She looked round the room, dreading and half believing in some diabolic
influence at her elbow, but perceiving nothing, an ungovernable impulse
took her, and her steps strayed to the door, in the desire and almost in
the intention of going to London. But if she went there, how would she
explain her visit?... Owen would understand; but if he were not in, she
could not wait until he came in. She paused to consider the look of
pleasure that would come upon his face when he came in and found her
there. There would be just one look, and they would throw themselves
into each other's arms. She was about to rush away, having forgotten all
else but him, when she remembered her father. If she were to go now she
must leave a letter for him explaining--telling him the story. And who
would play the viola da gamba at his concerts? and there would be no one
to see that he had his meals.

Was she or was she not going away with Owen to Paris on Thursday night?
The agonising question continued at every moment to present itself.
Whatever she was doing or saying, she was always conscious of it, and as
the time drew near, with every hour, it seemed to approach and menace
her. She seemed to feel it beating like a neuralgic pain behind her
eyes; and though she laughed and talked a great deal, her father noticed
that her animation was strained and nervous, and he noticed, too, that
in no part of their conversation was she ever entirely with him, and he
wondered what were the sights and scenes he faintly discerned in her
changing eyes.

On getting up on Wednesday morning, she remembered that the best train
from Dulwich was at three o'clock, and she asked herself why she had
thought of this train, and that she should have thought of it seemed to
her like an omen. Her father sat opposite, looking at her across the
table. It was all so clear in her mind that she was ashamed to sit
thinking these things, for thinking as clearly as she was thinking
seemed equivalent to accomplishment; and the difference between what she
thought and what she said was so repulsive to her that she was on the
point of flinging herself at his feet several times.

There were times when the temptation seemed to have left her, when she
smiled at her own weakness and folly; and having reproved herself
sufficiently, she thought of other things. It seemed to her
extraordinary why she should argue and trouble about a thing which she
really had no intention of doing. But at that moment her heart told her
that this was not so, that she would go to meet Owen in Berkeley Square,
and she was again taken with an extraordinary inward trembling.

Our actions obey an unknown law, implicit in ourselves, but which does
not conform to our logic. So we very often succeed in proving to
ourselves that a certain course is the proper one for us to follow, in
preference to another course, but, when it comes for us to act, we do
not act as we intended, and we ascribe the discrepancy between what we
think and what we do to a deficiency of will power. Man dares not admit
that he acts according to his instincts, that his instincts are his
destiny.

We make up our mind to change our conduct in certain matters, but we go
on acting just the same; and in spite of every reason, Evelyn was still
undecided whether she should go to meet Sir Owen. It was quite clear
that it was wrong for her to go, and it seemed all settled in her mind;
but at the bottom of her heart something over which she had no kind of
control told her that in the end nothing could prevent her from going to
meet him. She stopped, amazed and terrified, asking herself why she was
going to do a thing which she seemed no longer even to desire.

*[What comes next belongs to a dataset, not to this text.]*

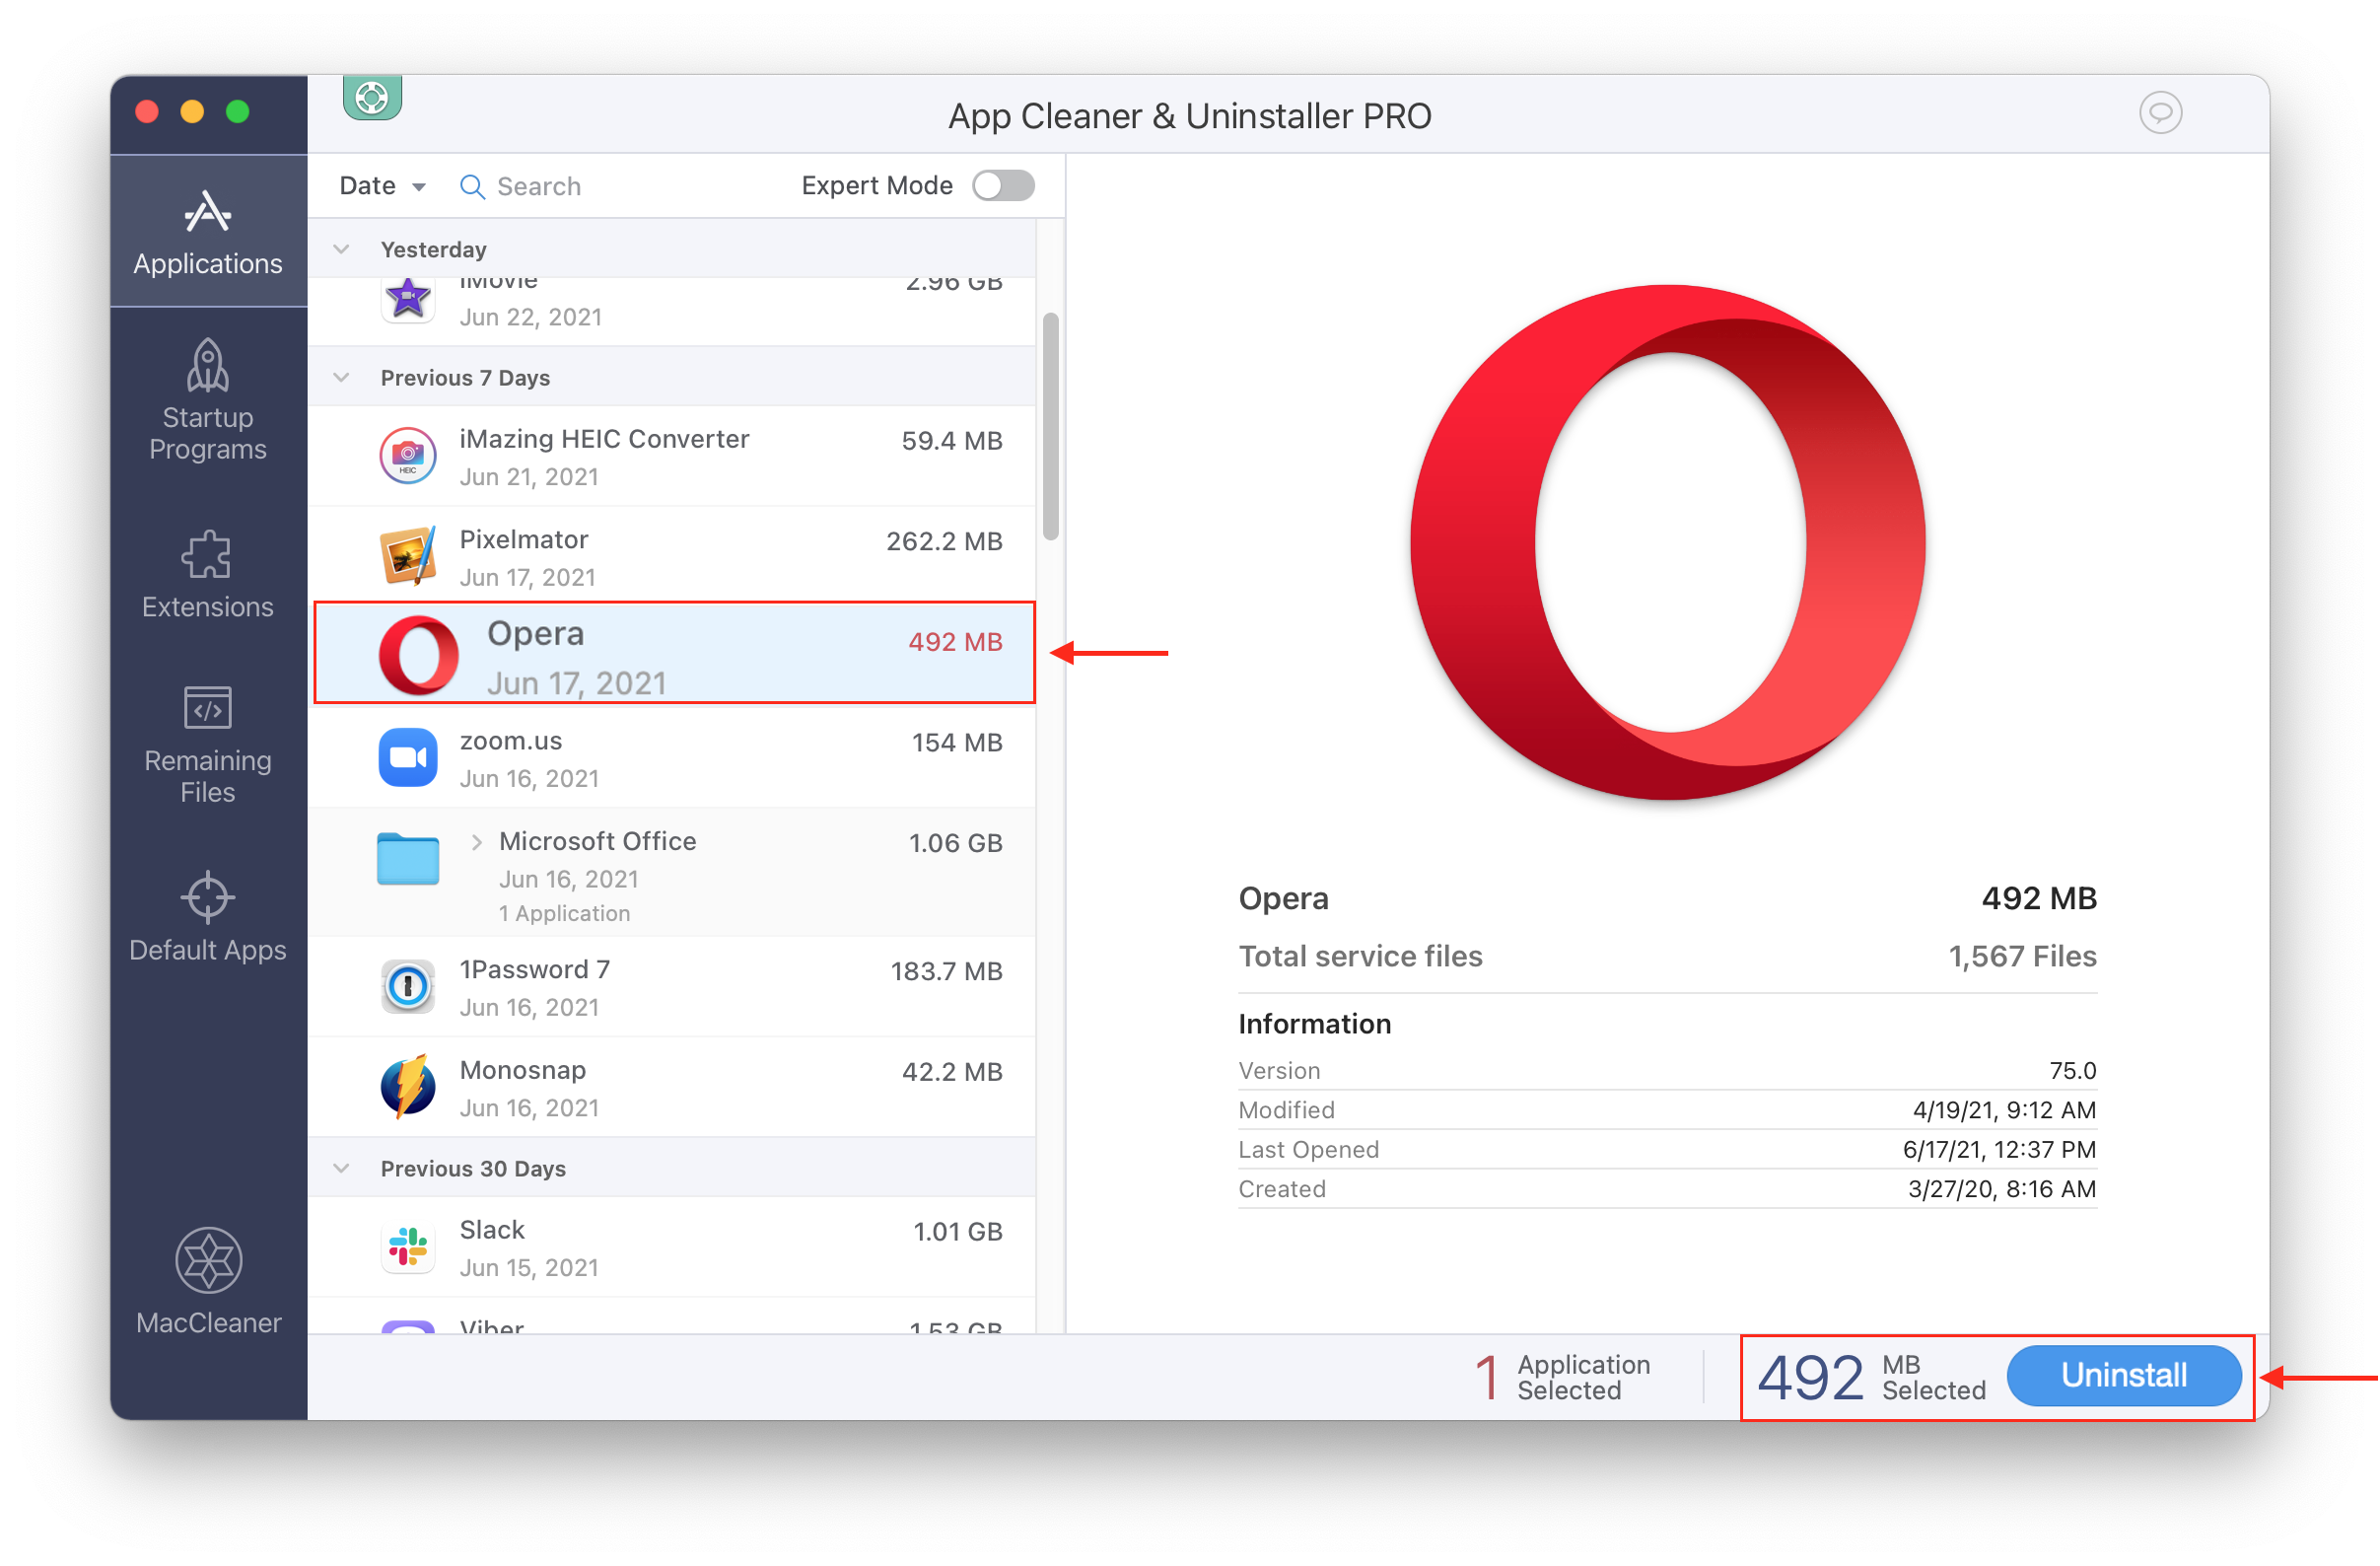 Opera selected for complete removal with App Cleaner & Uninstaller

In the afternoon some girl friends came to see her. She played and sang
and talked to them, but they, too, noticed that she was never really
with them, and her friends could see that she saw and heard things
invisible and inaudible to them. In the middle of some trifling
chatter--whether one colour or another was likely to be fashionable in
the coming season--she had to put her hand in her pocket for her
handkerchief, and happened to meet the key of the square, and it brought
back to her in a moment the entire drama of her destiny. Was she going
to take the three o'clock train to London, or to remain in Dulwich with
her father? She thought that she would not mind whatever happened, if
she only knew what would happen. Either lot seemed better to her than
the uncertainty. She rattled on, talking with fictitious gaiety about
the colour of bonnets and a party at which Julia had sung, not even
hearing what she was saying. Wednesday evening passed with an inward
vision so intense that all the outer world had receded from her, she was
like one alone in a desert, and she ate without tasting, saw without
seeing what she looked at, spoke without knowing what she was saying,
heard without hearing what was said to her, and moved without knowing
where she was going.

On Thursday morning the obsession of her destiny took all colour from
her cheek, and her eyes were nervous.

"What is it, my girl?" Her father said, taking her hand, and the music
he was tying up dropped on the floor. "Tell me, Evelyn; something, I can
see, is the matter."

It was like the breaking of a spring. Something seemed to give way
within her, and slipping on her knees, she threw her arms about him.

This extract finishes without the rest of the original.